The fintech unicorn will sell at least 10 percent of its total capital post-issuance, split between Hong Kong and Shanghai’s STAR Market. China’s richest man Jack Ma will donate 611,337,334 shares of Ant Group to charitable causes, the filings showed.

While the size of the IPO is still subject to market conditions, the dual listing is widely expected to surpass Saudi Aramco’s US$29.4 billion listing last December, the record for the world’s largest fundraising.

Ant Group operates Alipay, one of China’s two dominant online payments services. Over a billion users use Alipay for purchases both online and in stores, to send money to friends and to pay bills. In the 12 months to end-June, Ant tallied 118 trillion yuan (US$17 trillion) in transaction volume.

First-half revenue rose 38 percent to 72.5 billion yuan, from 52.5 billion yuan a year earlier, giving the company 24.4 billion yuan in pre-tax profit, an eightfold jump year on year.

More than half its 2019 revenue came from financial services such as lending, wealth management and insurance offered through Alipay. Fees from processing payments and serving merchants accounted for almost all of the rest.

It also noted that the platform had enabled US$290 billion in credit to individuals and small businesses, as well as US$500 billion in investments.

In the filing, Ant said it plans to use the funds from the listing to expand its services, invest in research and development, and to expand its payments business internationally.

Ant Group was valued at US$150 billion in a private fundraising round in 2018, making it the most valuable startup in the world.

The company also runs one of the world’s largest money market funds as well as Zhima Credit, a private credit rating system for its users.

Alibaba listed in the US in 2014. But last year raised billions more in a second listing in Hong Kong.

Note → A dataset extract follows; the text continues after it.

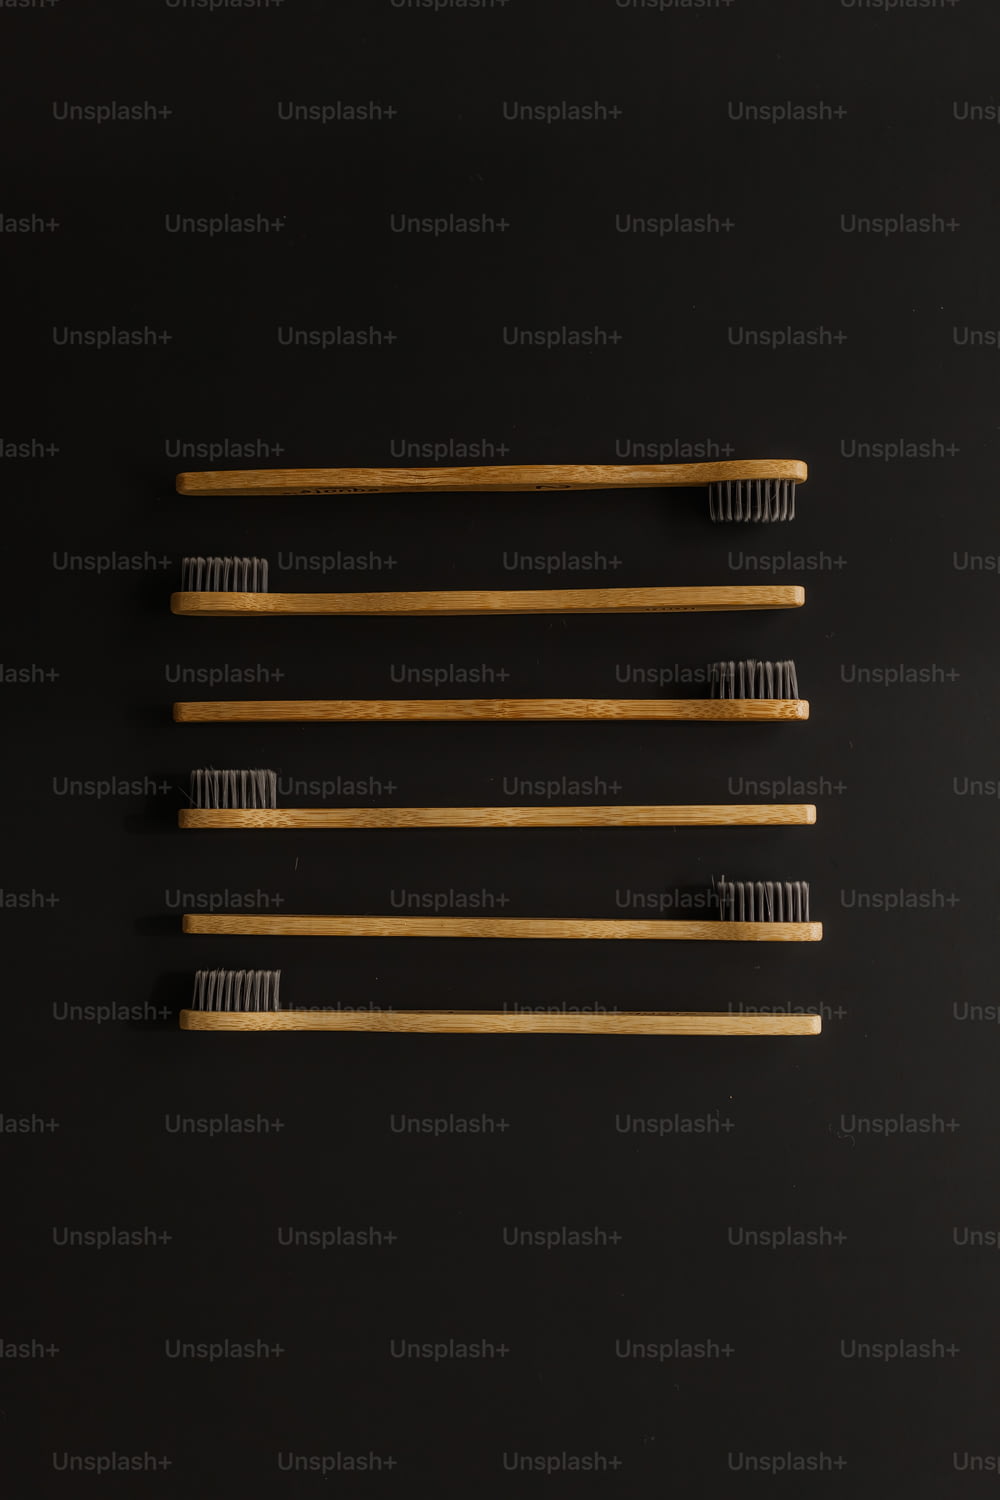 four toothbrushes lined up on a black surface

Last month Alibaba’s Chinese rival raised almost US$4 billion in an IPO in Hong Kong that was the world’s second-biggest of the year.

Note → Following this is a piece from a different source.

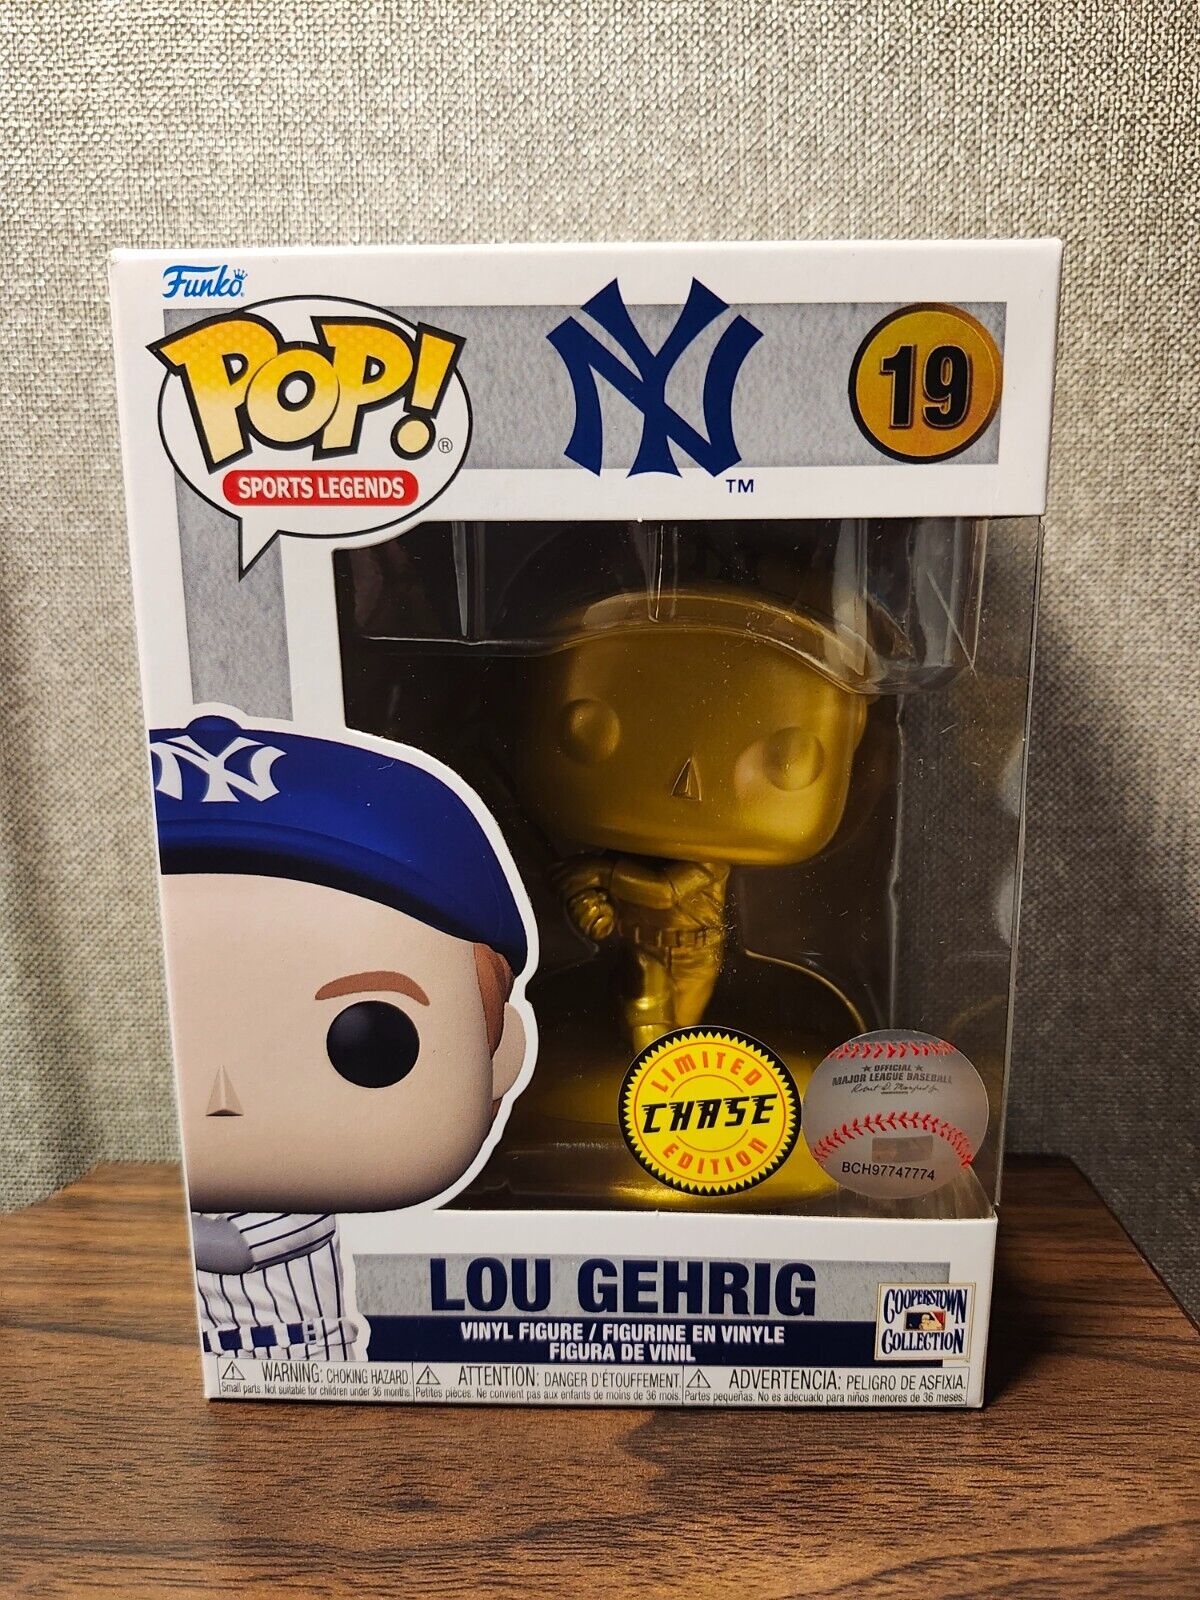 New Lou gehrig #19 #NewYorkYankees #Yankees, limited edition, chase funko,

Tech analysts say Ant Group controls more than half of China’s huge mobile-payments sector, which it fiercely contests with Chinese rival Tencent.

Ant — spun off from Alibaba years ago — has expanded recently into lending, wealth management, travel and a range of other services, and this year changed its name to Ant Group from Ant Financial Services Group to reflect its expanded portfolio.

Ant said the listings will allow it to help drive domestic Chinese consumer demand and “position the company to develop global markets.”